Overall quantitative results for Study 3 reveal a prevalence of concordant examples where proteoform-level changes differ substantially from that determined by BU
| Differentially expressed by TD | Not differentially expressed by TD | Not detected by TD | |
|---|---|---|---|
| Differentially expressed by BU | 12 proteins | 14 proteins | 314 proteins |
| 27 proteoforms | 18 proteoforms | N/A | |
| Not differentially expressed by BU | 152 proteins | 232 proteins | 2,795 proteins |
| 233 proteoforms | 584 proteoforms | N/A | |
| Not detected by BU | 0 proteins | 64 proteins | |
| 0 proteoforms | 99 proteoforms |
Top number are the RefSeq IDs detected in each cell, while the bottom number are the number of proteoforms detected.

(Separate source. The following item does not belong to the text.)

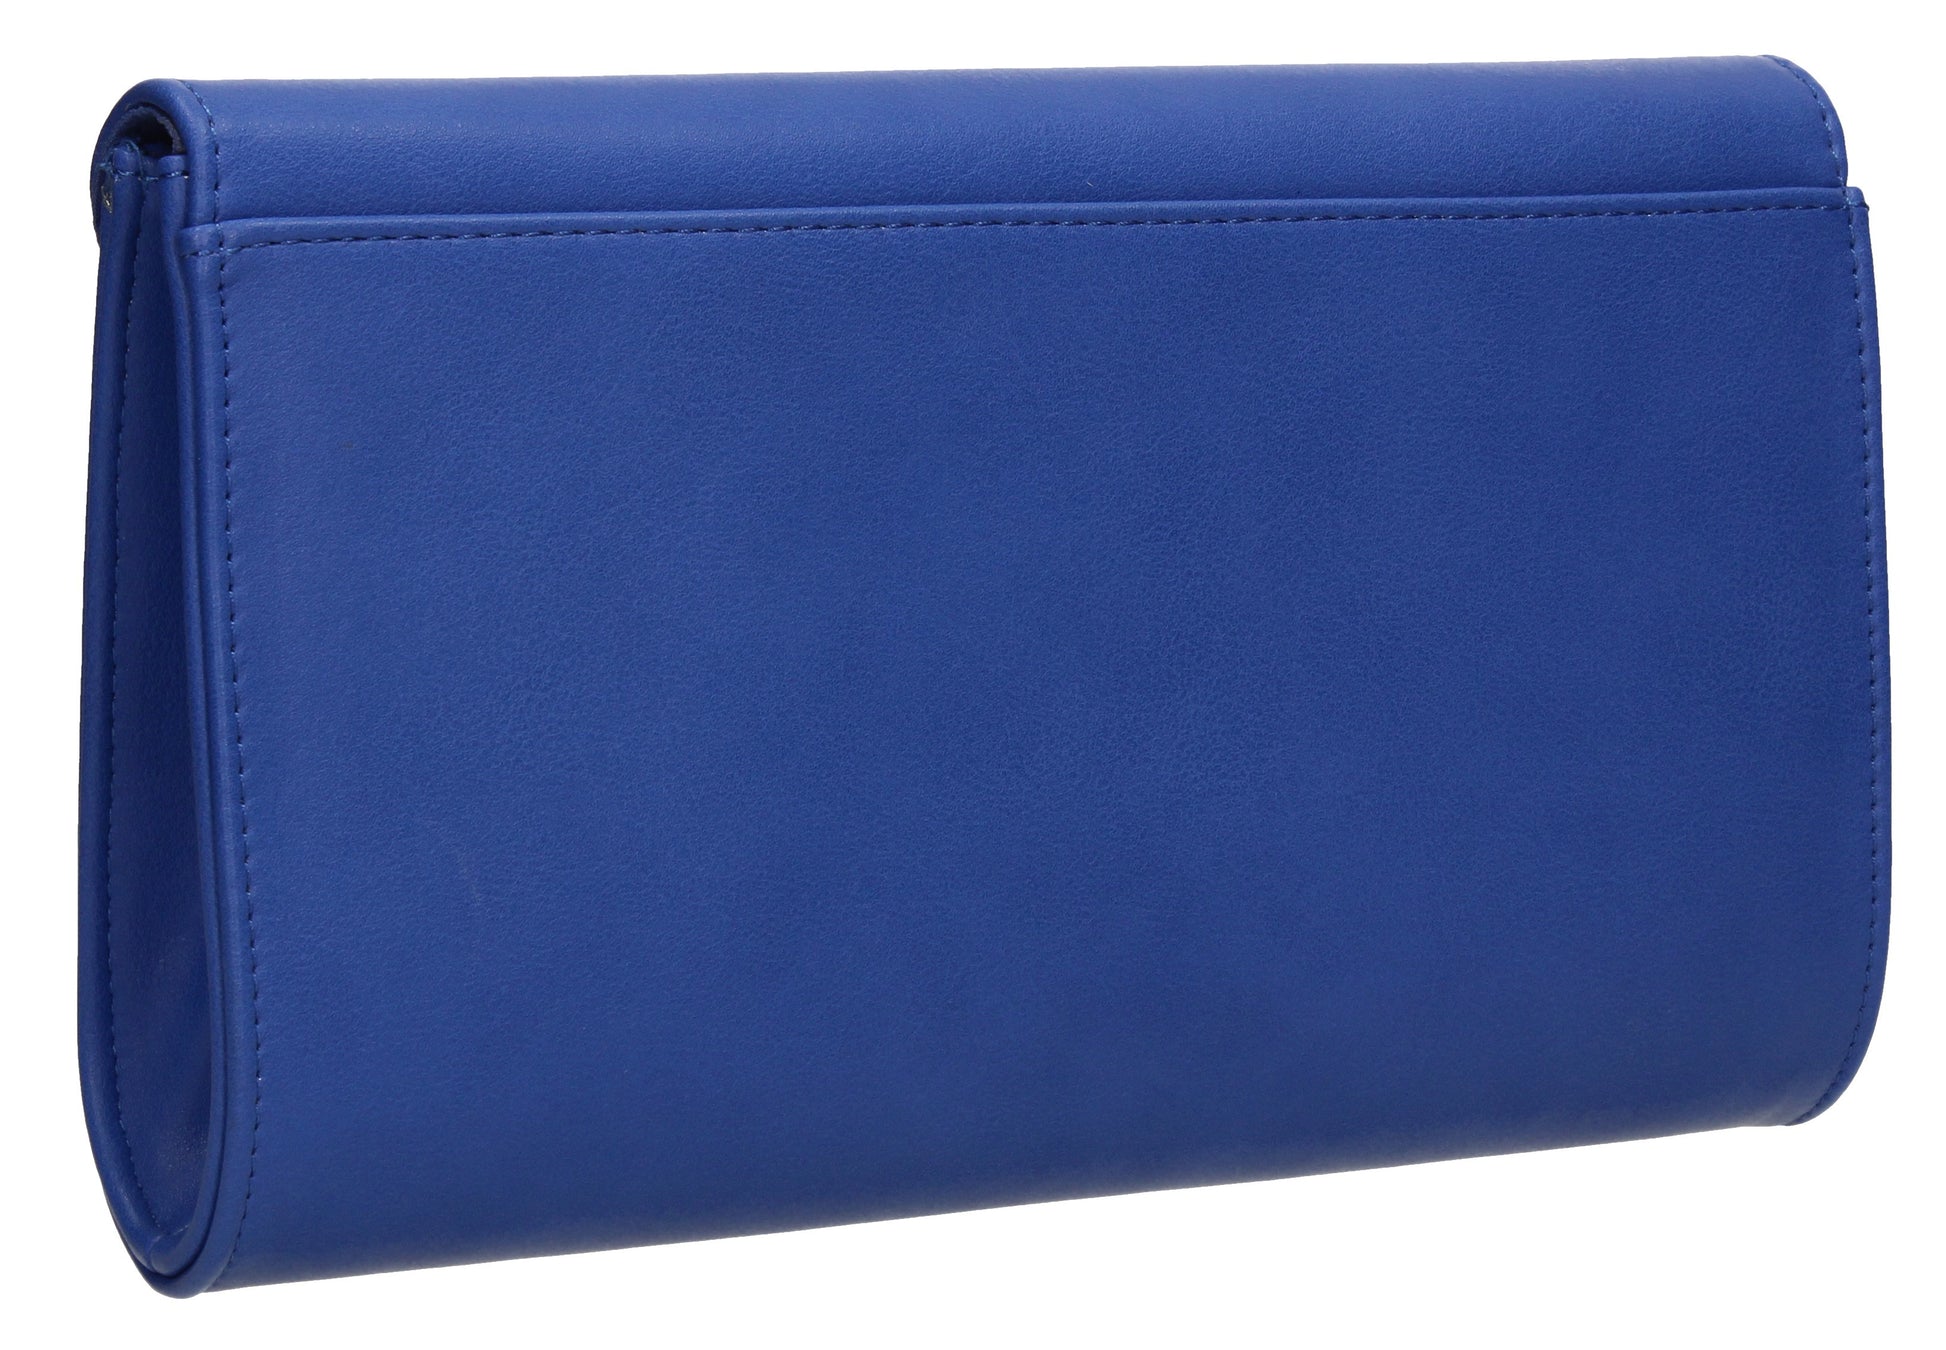 SWANKYSWANS Seraphina Clutch Bag Royal Blue Cute Cheap Clutch Bag For Weddings School and Work

TD often has more than one proteoform per RefSeq ID, and so the same ID may be in two or more boxes (as some proteoforms are differentially expressed, and others are not).
Fig. 4.Differential expression of alpha-endosulfine. (A) Bottom-up heatmap illustrating number of alpha-endosulfine peptides identified in each replicate. Each row represents a separate peptide reporting uniquely on alpha-endosulfine, while columns in the map represent separate LC-MS/MS runs. Red represents one spectral count in the run, yellow two, light green three, and dark green four or more spectral counts. (B) Sequence of alpha-endosulfine including fragment ions (flags) detected by TD and peptide sequences (underlined) detected by BU. Two phosphorylation sites detected by TD are circled. The highlighted N-terminal amino acid indicates an N-terminal acetylation. (C) Boxplots illustrating abundance differences of alpha-endosulfine in WHIM2 (blue) and WHIM16 (orange) samples. The box in the boxplots show the median, first and third quartiles of all MS1 intensities detected for the protein. The bars show the range of the observed data. (D) Mass spectrum of alpha-endosulfine showing phosphorylation pattern changes of alpha-endosulfine in the two WHIM samples.
Fig. 5.Discordant examples of differential expression profiles as measured by BU and TD. Panels A–D show heatmaps generated from BU spectral count data, while panels E–G contain corresponding boxplots from TD MS1 intensity data. Each row of the BU heatmaps represents a separate peptide reporting uniquely on the corresponding protein, while columns in the map represent separate LC-MS/MS runs. Red represents one spectral count in the run, yellow two, light green three, and dark green four or more spectral counts. The box in the boxplots show the median, first, and third quartiles of all MS1 intensities detected for the protein. The bars show the range of the observed data. Panels 5 A and E represent d-dopachrome decarboxylase (NP_001346) BU and TD, respectively; C and F represent cytochrome b-c1 complex subunit 8 (NP_055217), while D and G represent protein phosphatase 1 regulatory subunit 1B (NP_115568). Panel B shows BU data for androgen-induced gene 1 (NP_057192).